Work required: When you repeat the entries, reproduce each line exactly and omit every picture.

Recorded data:
──────────────────────────────
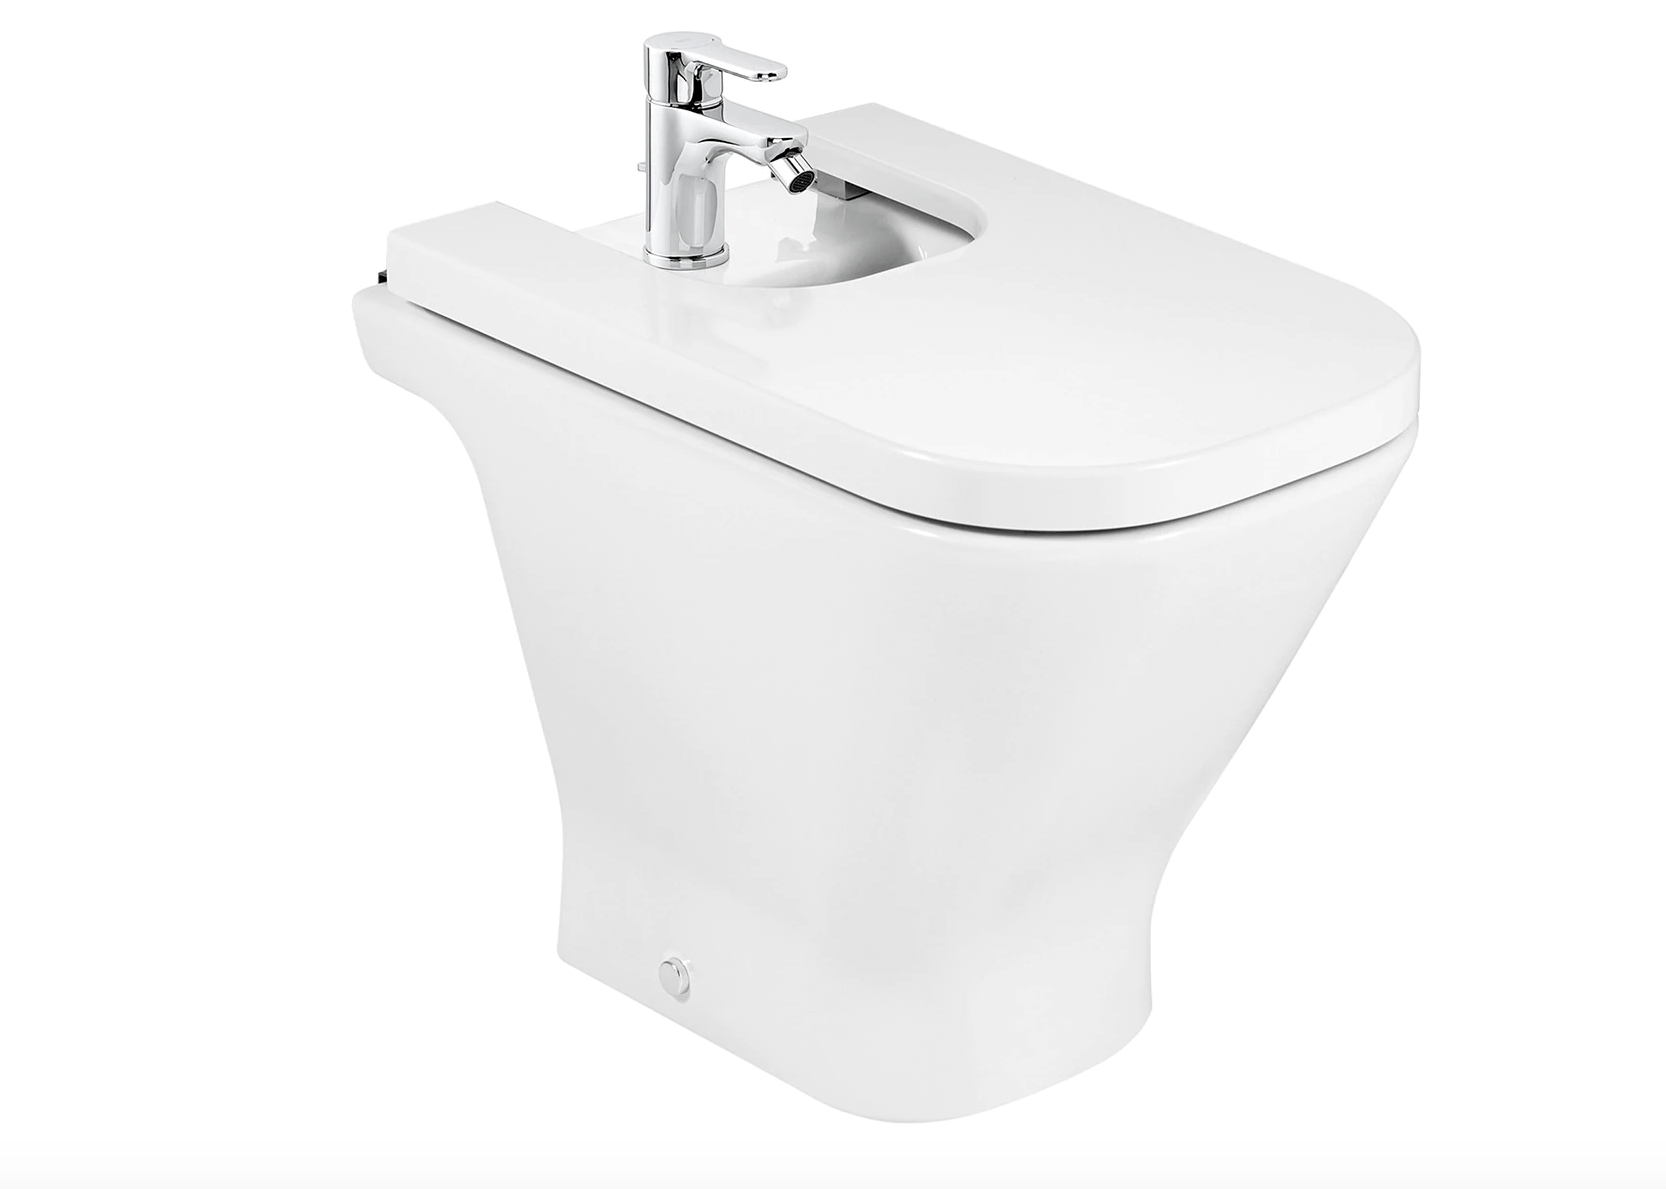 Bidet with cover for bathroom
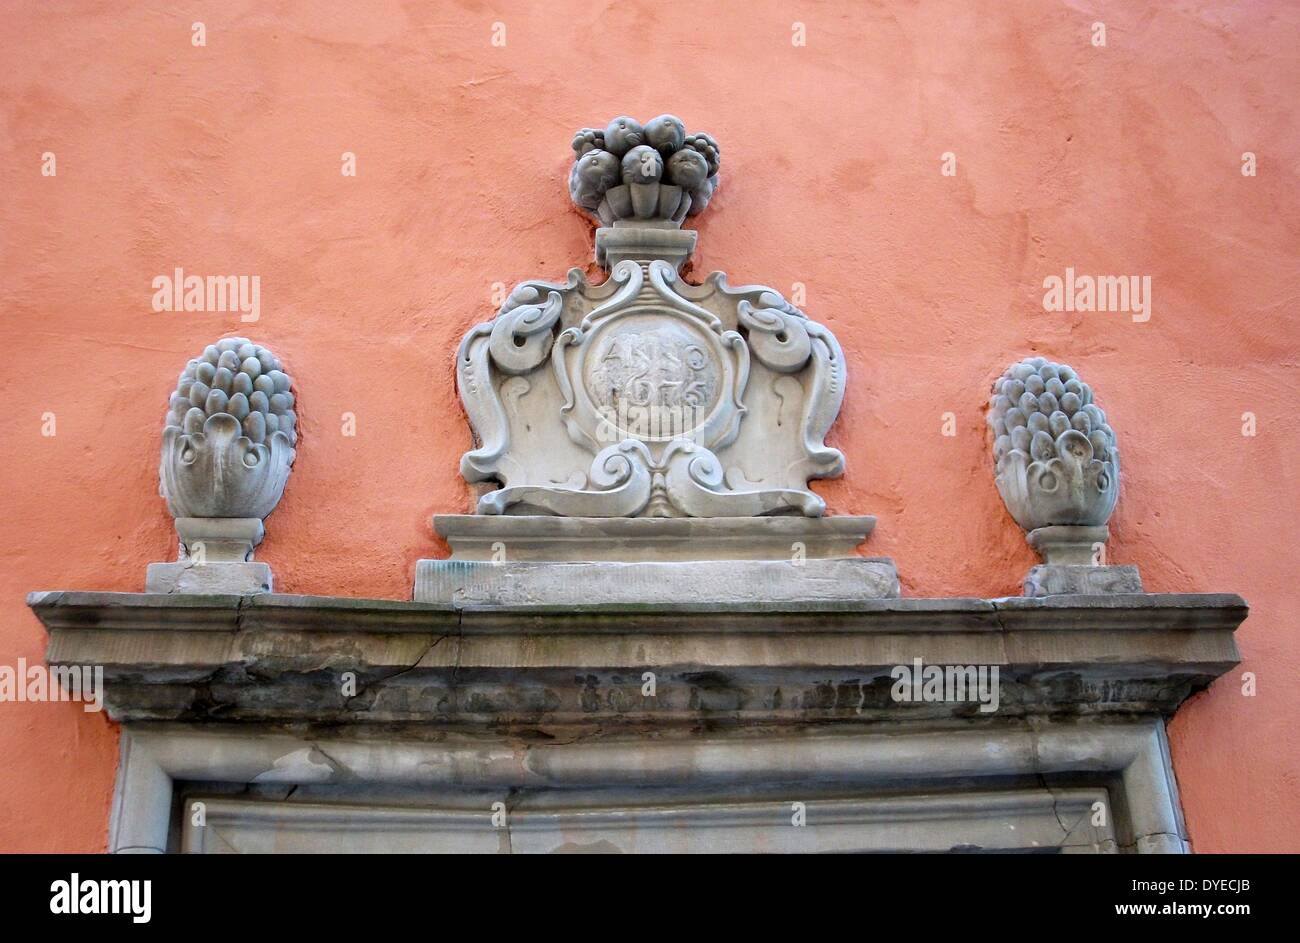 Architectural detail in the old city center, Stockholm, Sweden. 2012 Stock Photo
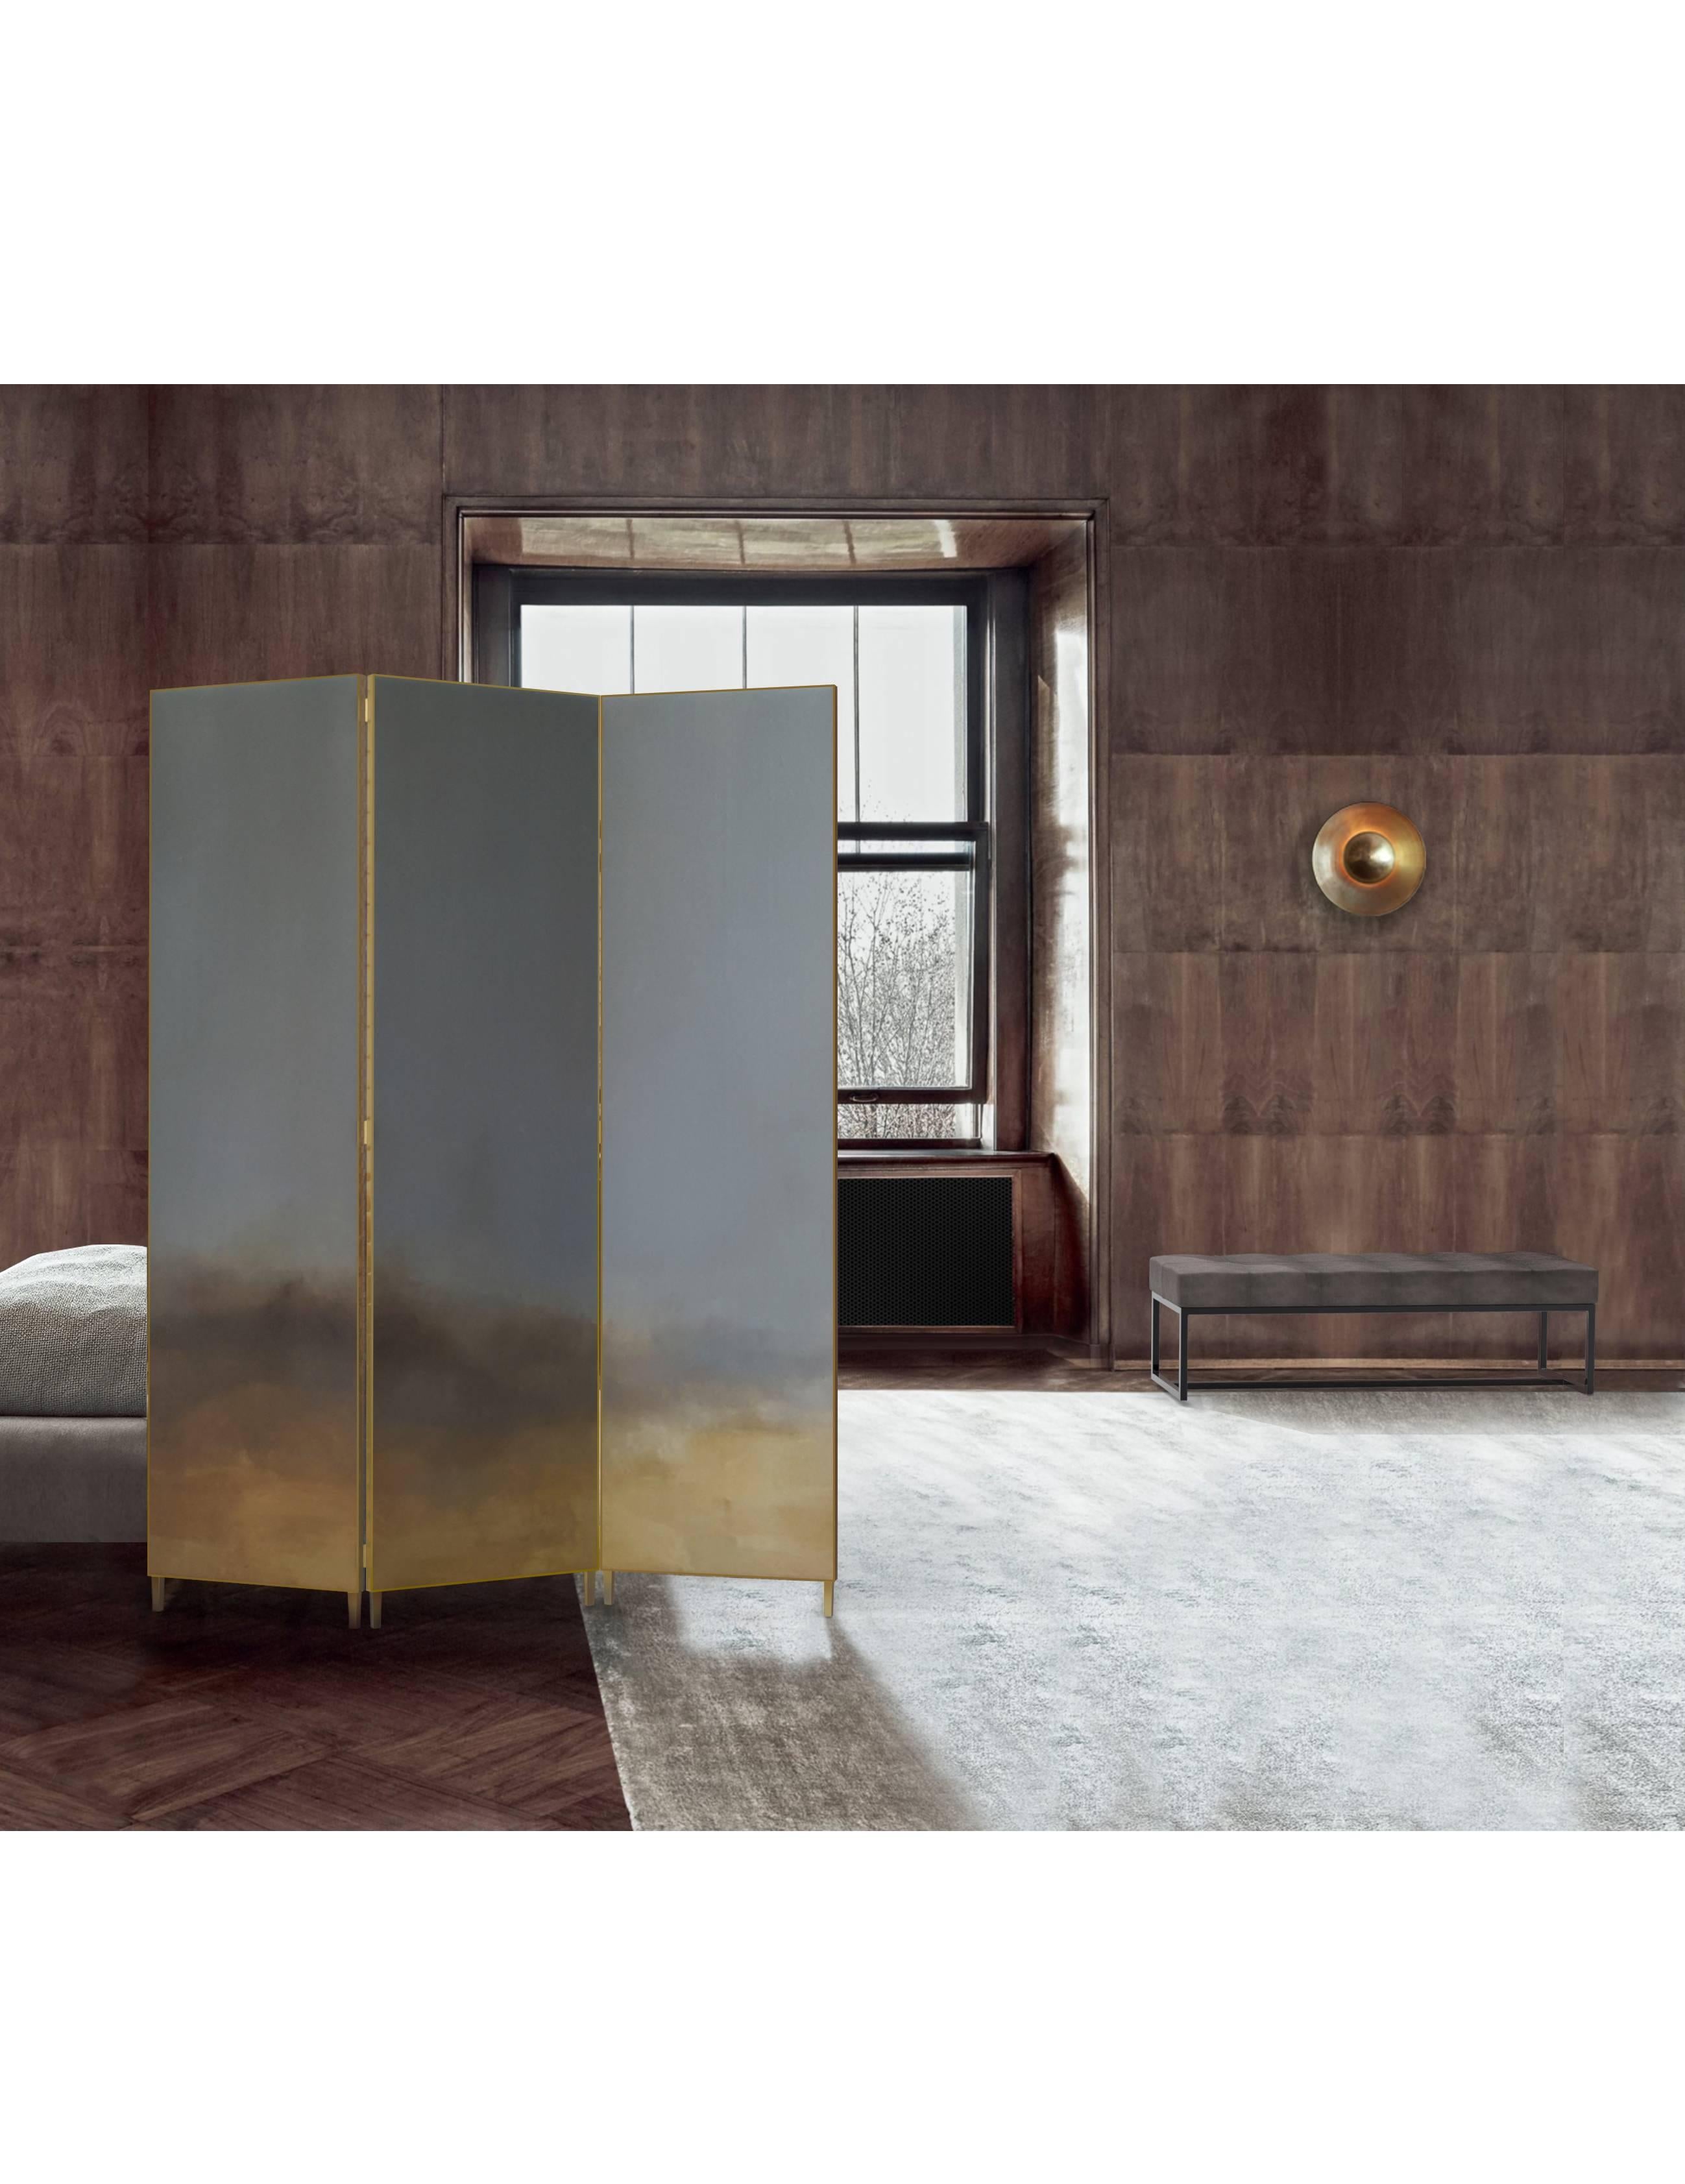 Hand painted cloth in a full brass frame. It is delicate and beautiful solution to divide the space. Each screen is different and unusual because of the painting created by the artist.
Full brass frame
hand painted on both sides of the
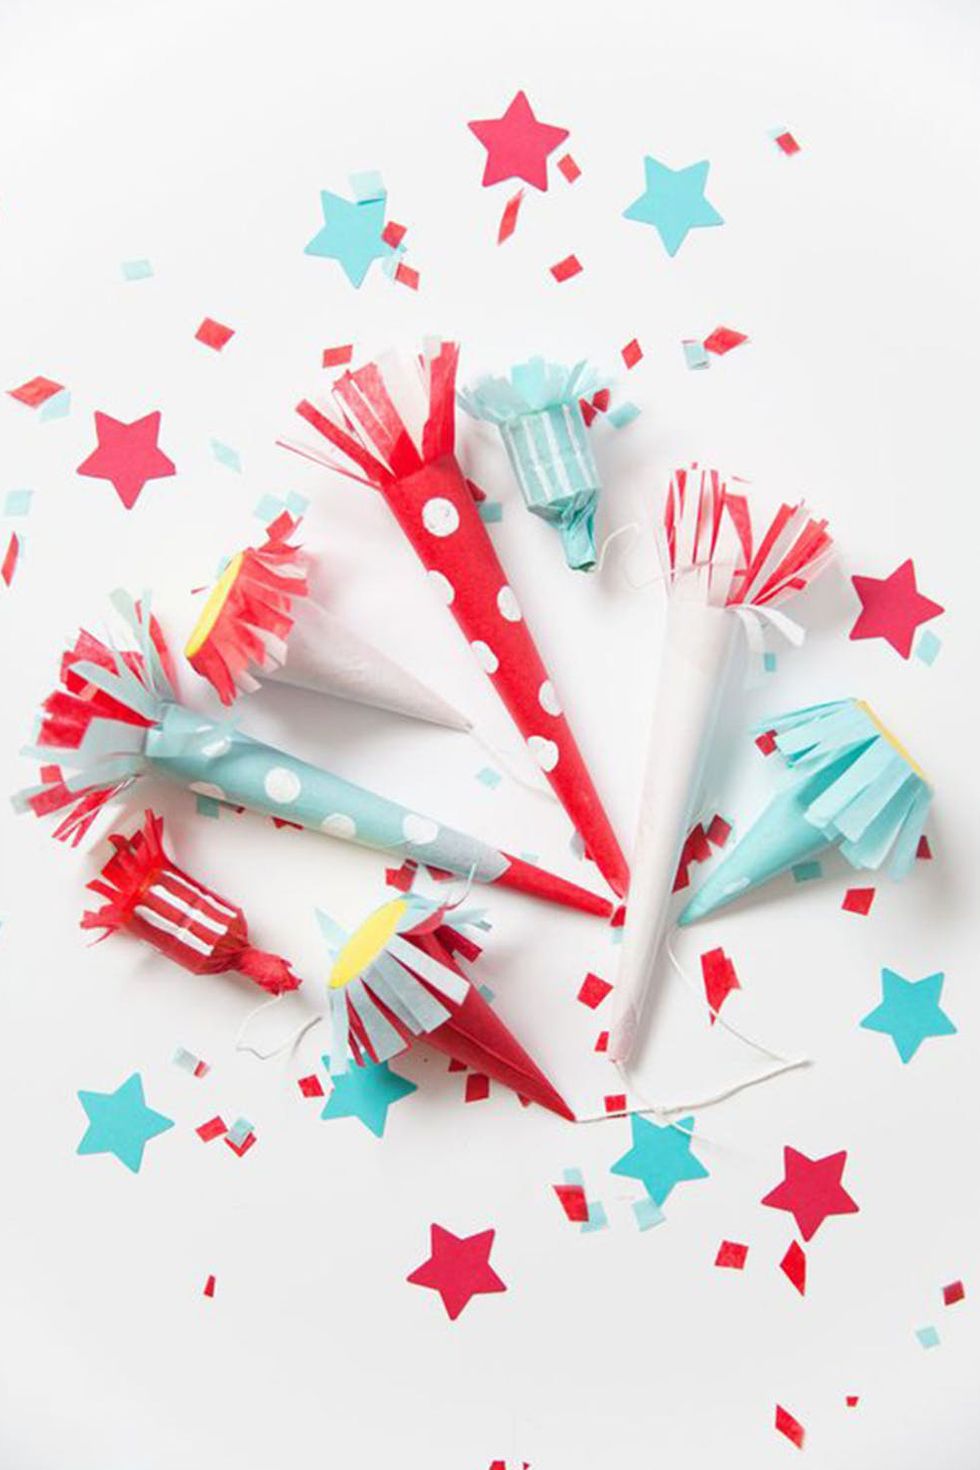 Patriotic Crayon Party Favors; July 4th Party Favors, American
──────────────────────────────
Exercise solution:
 Bidet with cover for bathroom
 Architectural detail in the old city center, Stockholm, Sweden. 2012 Stock Photo
 Hand painted cloth in a full brass frame. It is delicate and beautiful solution to divide the space. Each screen is different and unusual because of the painting created by the artist.
Full brass frame
hand painted on both sides of the
 Patriotic Crayon Party Favors; July 4th Party Favors, American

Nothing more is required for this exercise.